Elijah Jackson

No. 25 – TCU Horned Frogs
- Position: Cornerback
- Class: Senior

Personal information
- Born: December 27, 2001 (age 24)
- Listed height: 6 ft 1 in (1.85 m)
- Listed weight: 193 lb (88 kg)

Career information
- High school: Lawndale (Lawndale, California)
- College: Washington (2020–2024); TCU (2025–present);
- Stats at ESPN

= Elijah Jackson =

American football player (born 2001)

Elijah Jackson (born December 27, 2001) is an American college football cornerback for the TCU Horned Frogs. He previously played for the Washington Huskies.

== Early life ==
Jackson attended Lawndale High School in Lawndale, California. He was rated as a three-star recruit and committed to play college football for the Washington Huskies.

== College career ==
=== Washington ===
As a freshman in 2021, Jackson notched just one tackle. During the 2022 season, he played in seven games with two starts, tallying ten tackles and a forced fumble. On the final play of the 2024 Sugar Bowl quarterback Quinn Ewers attempted to throw to Adonai Mitchell in the end zone for a game-winning touchdown, where Jackson deflected the pass, sending the Huskies to the National Championship.
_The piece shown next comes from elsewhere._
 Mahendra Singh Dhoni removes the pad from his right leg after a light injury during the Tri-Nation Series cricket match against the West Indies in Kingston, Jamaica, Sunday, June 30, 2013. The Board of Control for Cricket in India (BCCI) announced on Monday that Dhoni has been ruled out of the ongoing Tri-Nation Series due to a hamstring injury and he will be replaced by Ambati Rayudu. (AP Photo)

Jackson finished his breakout 2023 season notching 61 tackles with two being for a loss, six pass deflections, two forced fumbles, and a blocked field goal.

On December 18, 2024, Jackson announced that he would enter the NCAA transfer portal.

=== TCU ===
On December 29, 2024, Jackson announced that he would transfer to TCU.

==Personal life==
Jackson is the cousin of former NBA first round picks Tony Smith and Malik Monk, and seventh round NFL pick Marcus Monk.